:: What is being asked ::
The data that follows must be transcribed in full and exactly, minus the pictures.

:: Provided material ::
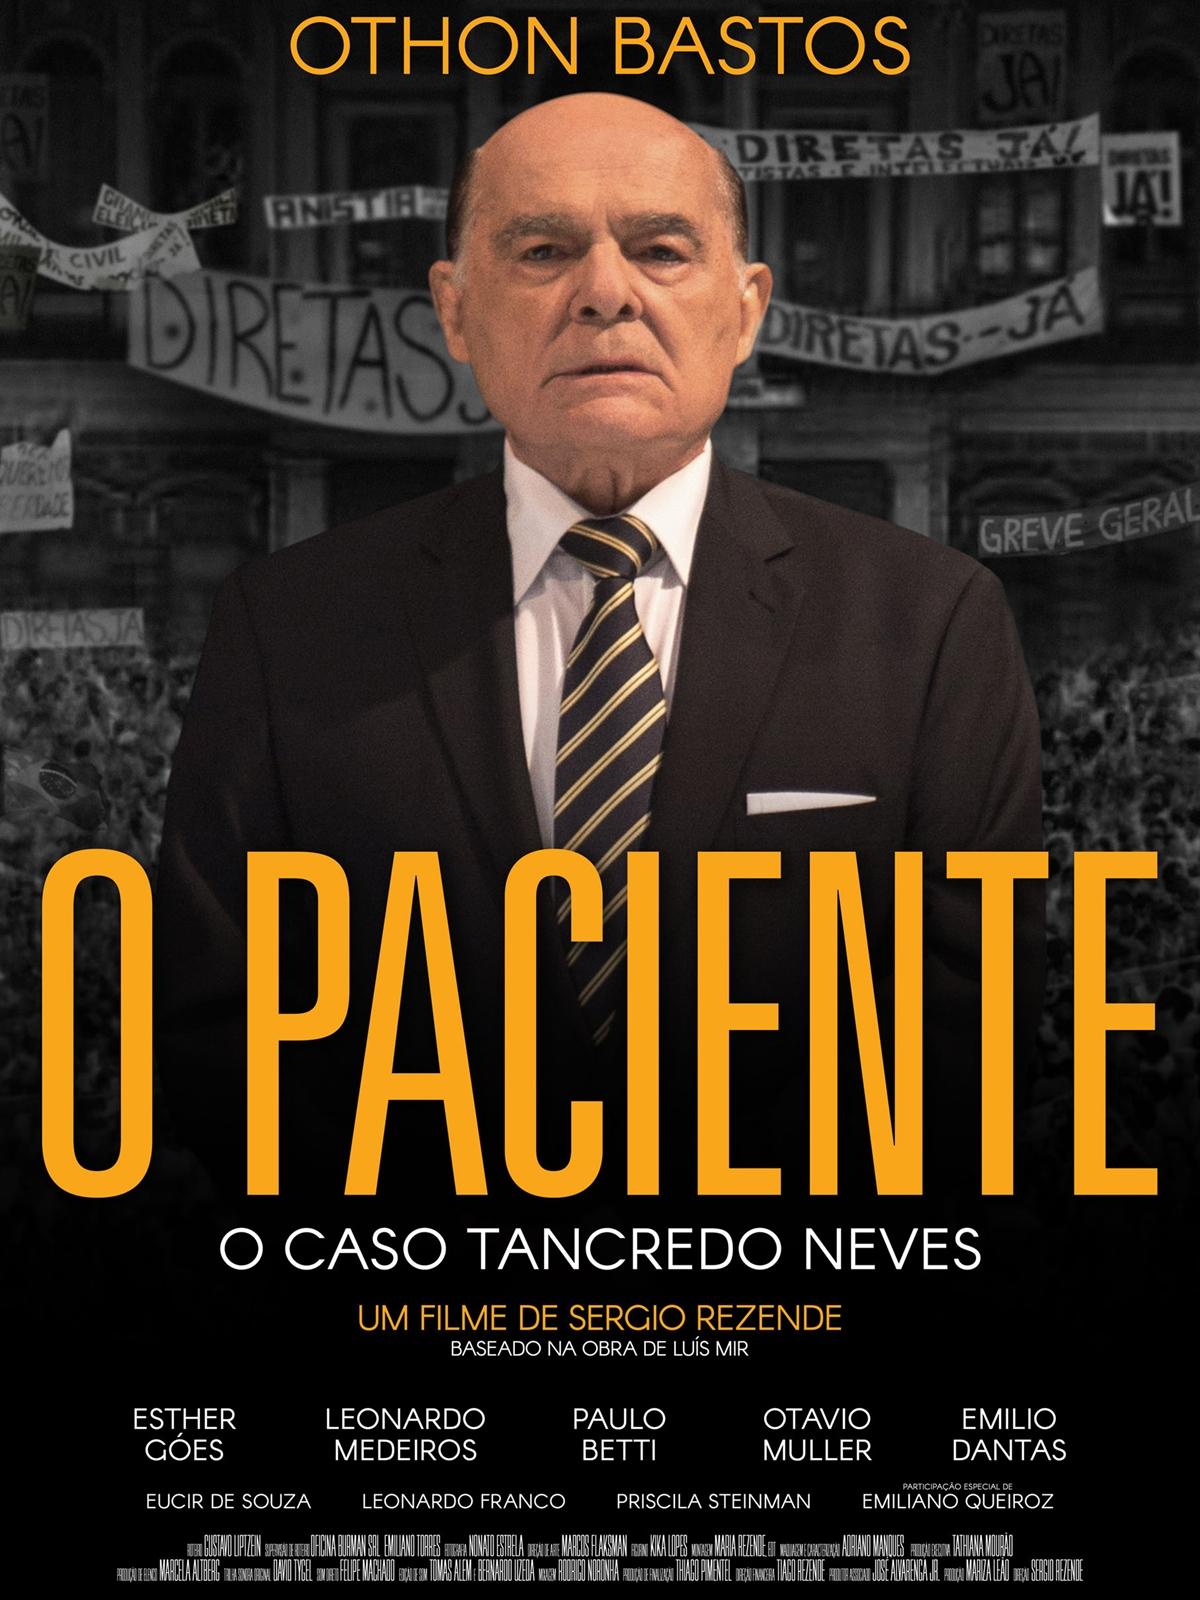 O Paciente - O Caso Tancredo Neves  Filmes similares - AdoroCinema cd71a77d9185b
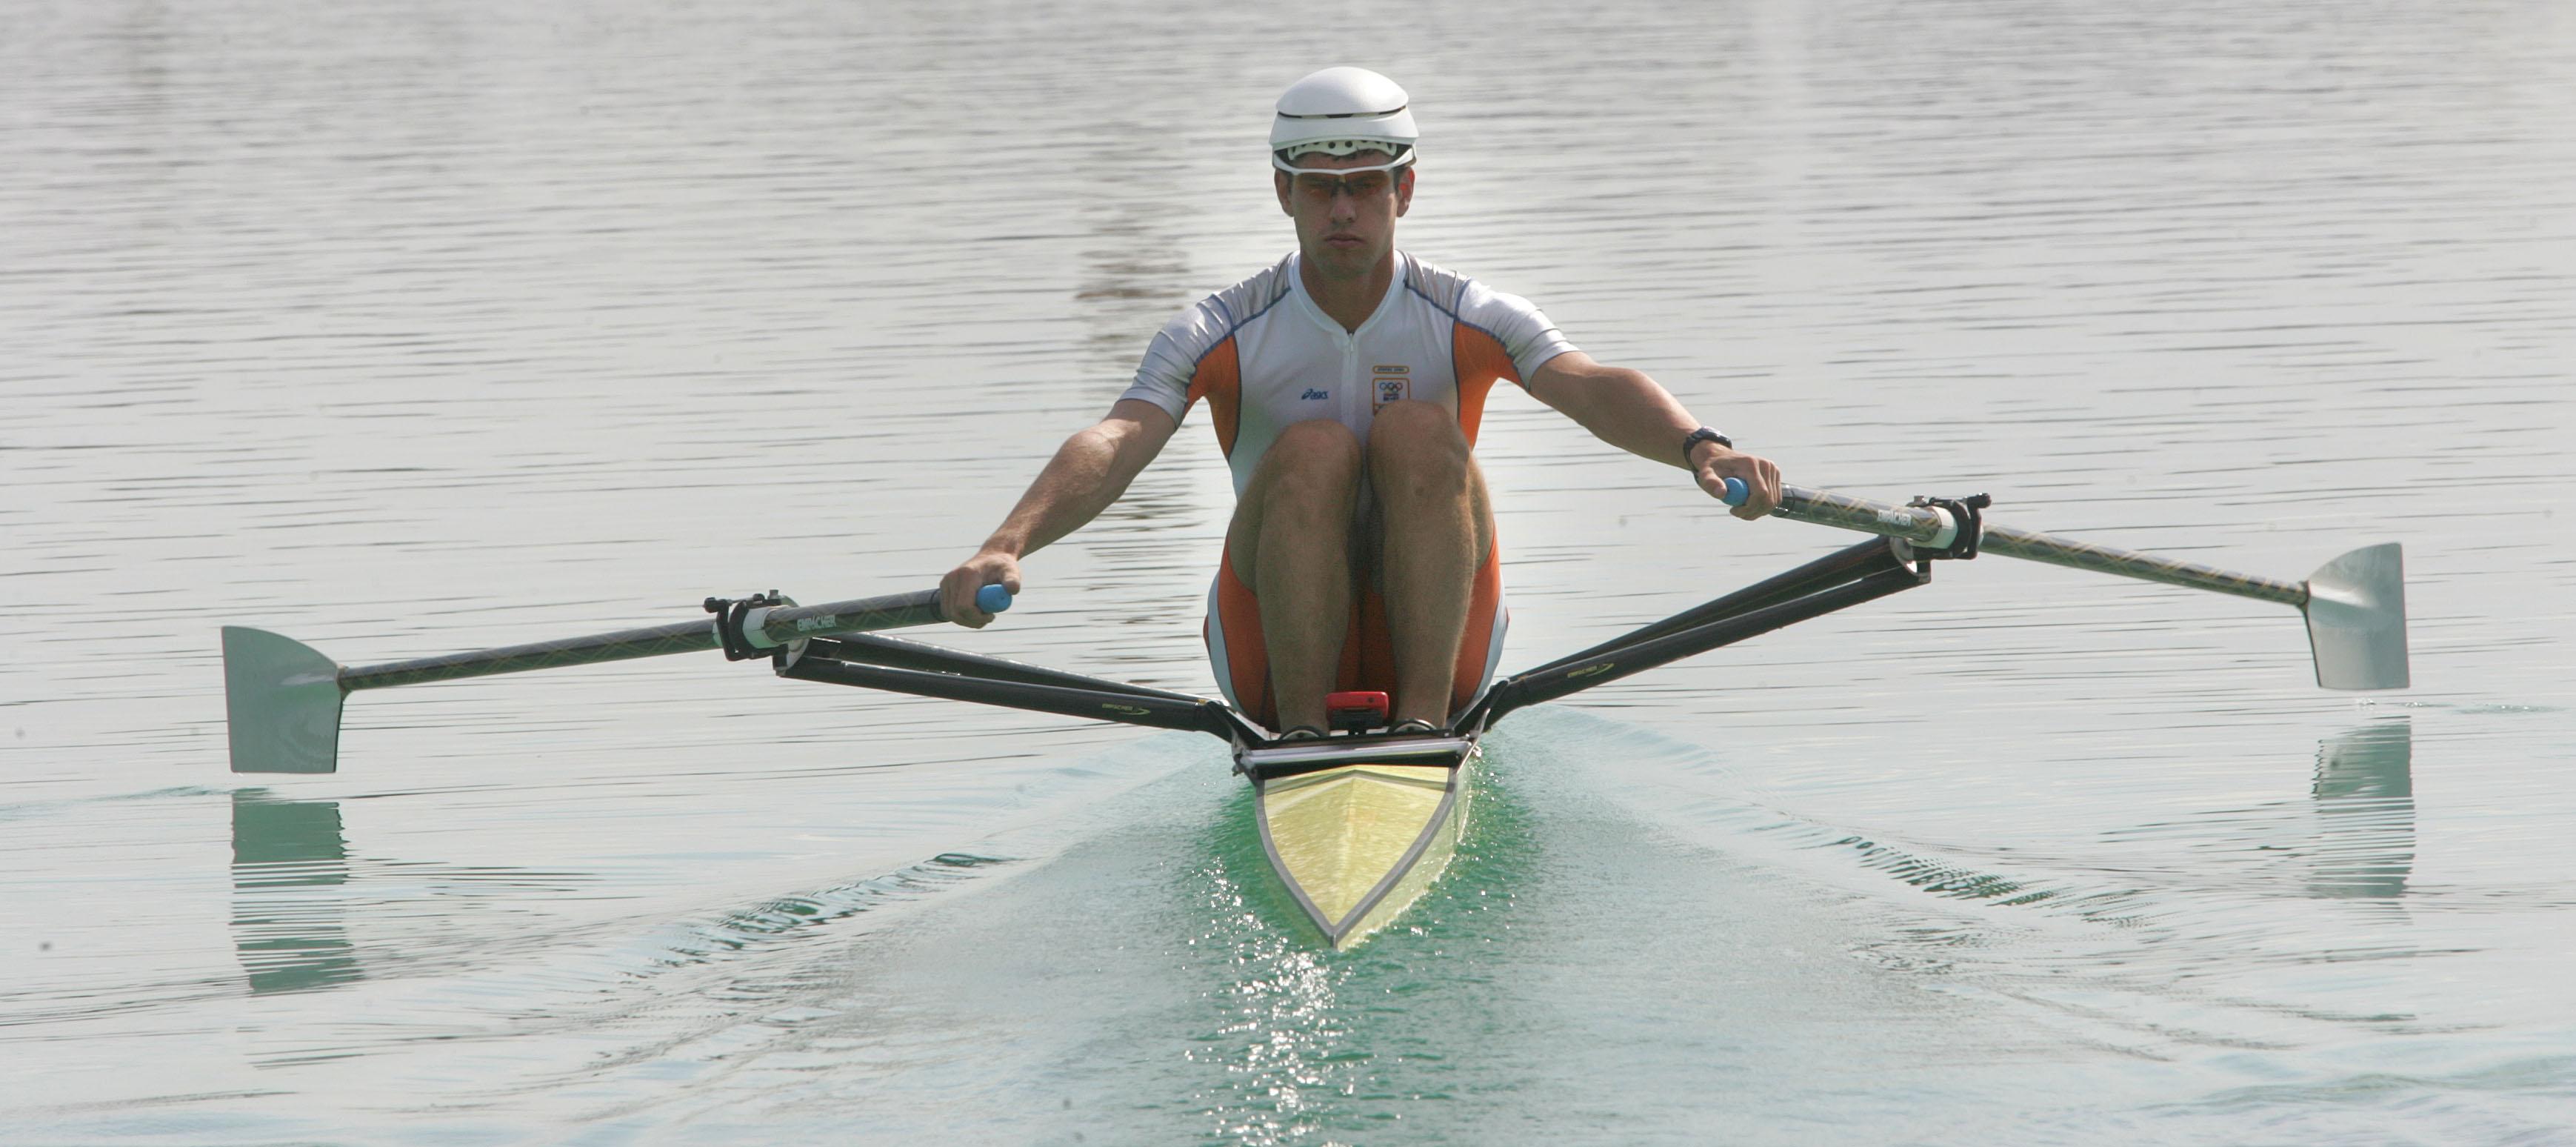 dsm_dirk_lippits_actionshot_rowing_1
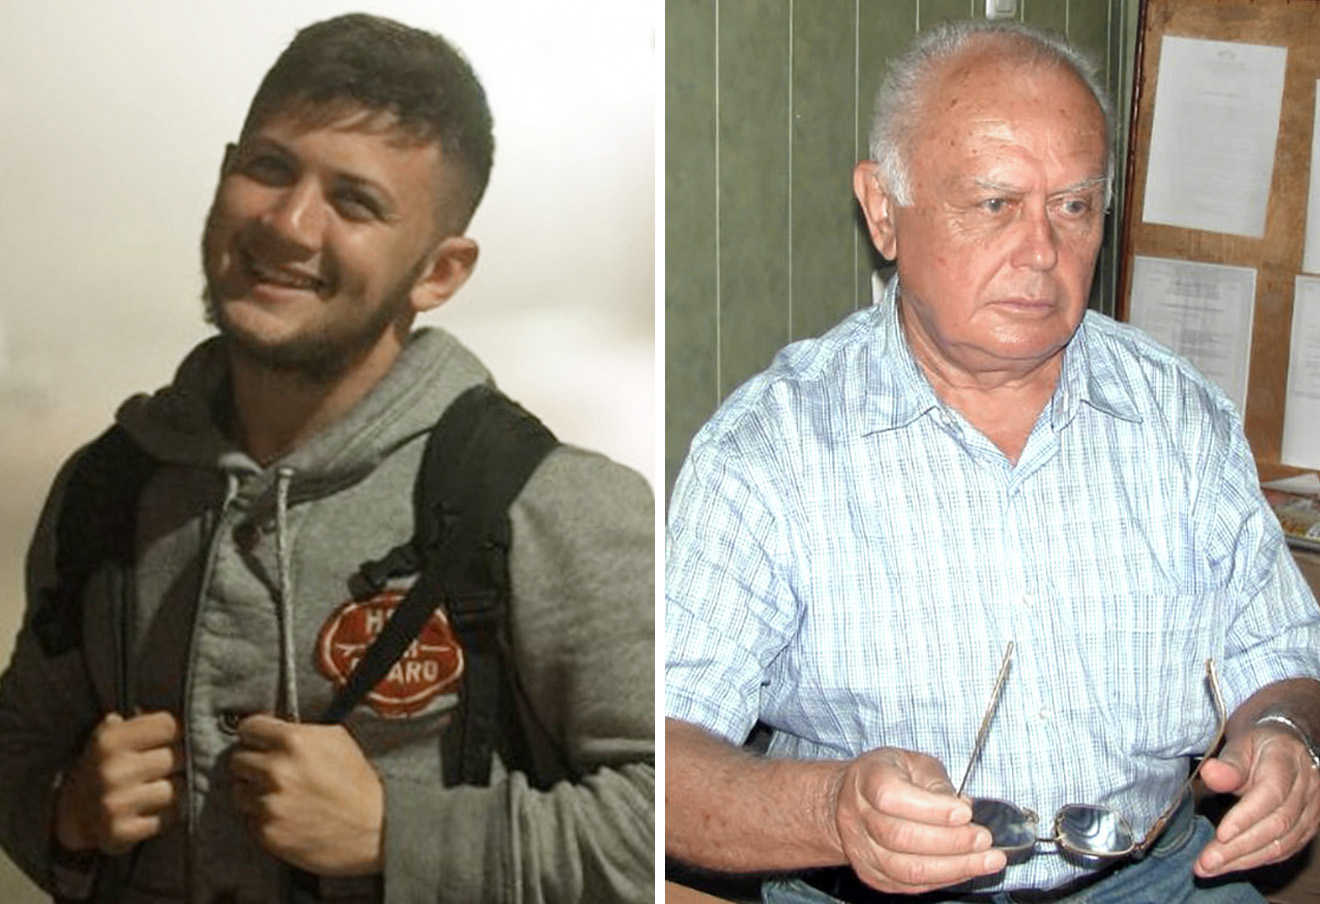 Геннадий Афанасьев и Юрий Солошенко

:: Response to this exercise ::
 O Paciente - O Caso Tancredo Neves  Filmes similares - AdoroCinema cd71a77d9185b
 dsm_dirk_lippits_actionshot_rowing_1
 Геннадий Афанасьев и Юрий Солошенко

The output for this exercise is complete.